The H295R cell line (American Type Culture Collection [ATCC] CRL-218, Manassas, Virginia) is capable of expressing genes that encode for key enzymes required for steroidogenesis (Rainey et al., 1993). Although H295R cells have physiologic characteristics of undifferentiated human fetal adrenal cells, the cells have the ability to produce the steroid hormones found in the adult adrenal cortex and the gonads, which represents a unique in vitro system and allows testing for effects on both corticosteroid synthesis and the production of sex steroid hormones, such as androgens and estrogens (Gazdar et al., 1990). Evaluation of 5α-reductase activity (i.e., the formation of dihydrotestosterone (DHT) from T), however, is specifically excluded for analysis. The assay is performed under standard cell-culture conditions in 24-well plates, and after an acclimation period of 24 hr, cells are exposed for approximately 48 hr to SC, positive control chemicals (forskolin [FOR] or PRO), or multiple concentrations of test chemical in triplicate. In parallel, a QC plate is run with prescribed concentrations of known inducers and inhibitors of hormone production. At the end of the exposure period, the medium is removed from each well for analysis, and cell viability is evaluated immediately. In both laboratories, the concentrations of T and E2 hormones in the medium were measured using liquid chromatography with tandem mass spectroscopy (LC/MS/MS or more specifically, LC-positive atmosphoric pressure photoionization MS/MS [LC/APPI-MS/MS]; Zhang et al., 2009). Because the cells produce a basal level of hormones, both induction and inhibition of steroidogenesis can be measured. Data were expressed as fold change relative to the SC and are based on three independent and acceptable test runs. The first test run may function as a range-finding run with subsequent adjustment of concentrations for runs 2 and 3 if relevant solubility and/or cytotoxicity issues are encountered.
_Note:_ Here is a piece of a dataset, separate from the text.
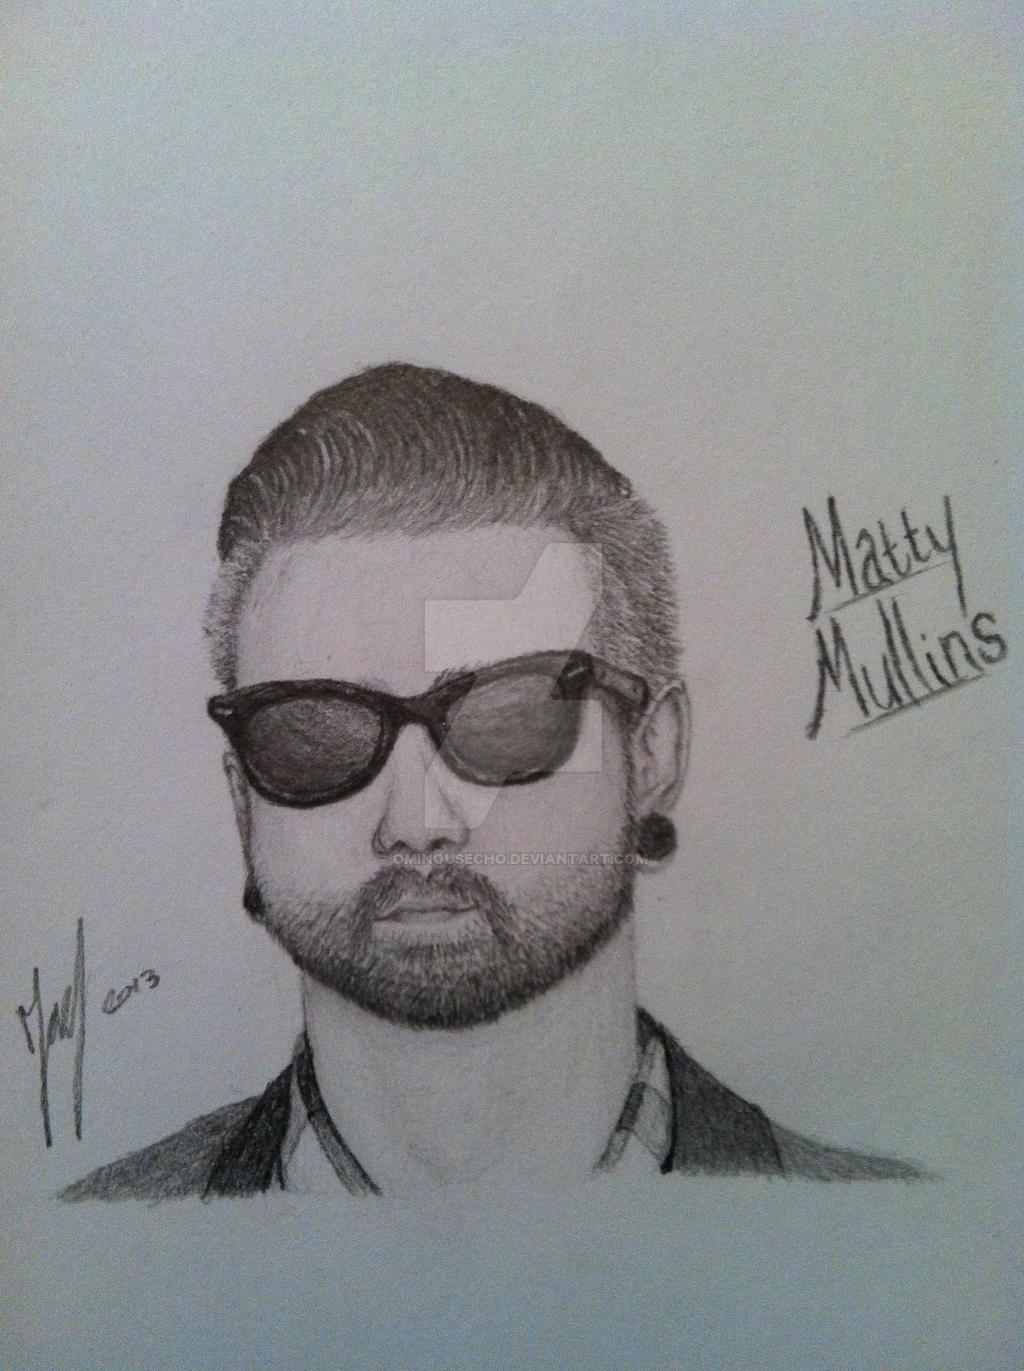 Matty Mullins Wallpaper

Plating and Preincubation of Cells
H295R cells were cultured following the specific protocol described in the U.S. EPA EDSP guideline OPPTS 890.1550 (Hecker and Giesy, 2008; U.S. EPA, 2009e). In preparation for conducting exposure experiments, H295R cells were cultured for five passages from the original ATCC source cells. Cells from passage number five were cryogenically stored in liquid nitrogen. Cells from these frozen batches were cultured for at least four additional passages before initiation of testing to allow frozen cells to recover (Hecker et al., 2006b). Although divergent from the prescribed passage numbers in the guideline, cells were used for up to 10 passages or beyond if QC criteria were met (see below). For testing, H295R in growth medium (DMEM/F12 Ham) were seeded at a density of 200,000 to 300,000 cells per well in 24-well plates (50–60% confluence) and incubated for 24 hr before treating with test chemicals to allow for attachment and reestablishment of normal cellular morpohology.
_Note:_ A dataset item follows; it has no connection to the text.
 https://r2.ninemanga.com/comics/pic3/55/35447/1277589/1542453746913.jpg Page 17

Quality Control Experiment for Cell Performance
A QC H295R cell performance test was conducted along with each run of the assay to verify that the performance of H295R cells met the QC requirements. According to the U.S. EPA EDSP guideline, the QC plate was dosed with FOR (an inducer of T and E2 synthesis) at 10 and 1 μM; PRO (an inhibitor of T and E2 synthesis) was dosed at 1 and 0.1 μM. The cells were refed with fresh media and then exposed for 48 hr with vehicle (DMSO, 0.1%) or the positive control chemicals, FOR or PRO. At the end of the exposure period, the medium was removed from each well and prepared for analysis as described below. The recommended criteria to be met on each QC plate are given as general guidance and are listed in Table 6 along with the QC sample values. LC/APPI-MS/MS methodology, which had a lower detection limit than other methods, allowed for some modification in the performance criteria. For example, the guideline listed a minimum basal production of E2 as 40 pg/ml or ≥2.5× the minimal detection limit; the detection limit with LC/APPI-MS/MS and LC/MS/MS was 10 and 5 pg/ml, setting the requirement for basal E2 production at 25 and 12.5 pg/ml, respectively. This change in basal E2 production resulted in 92 and 100% acceptance of assay results (vs. 53 and 25% with 40 pg/ml).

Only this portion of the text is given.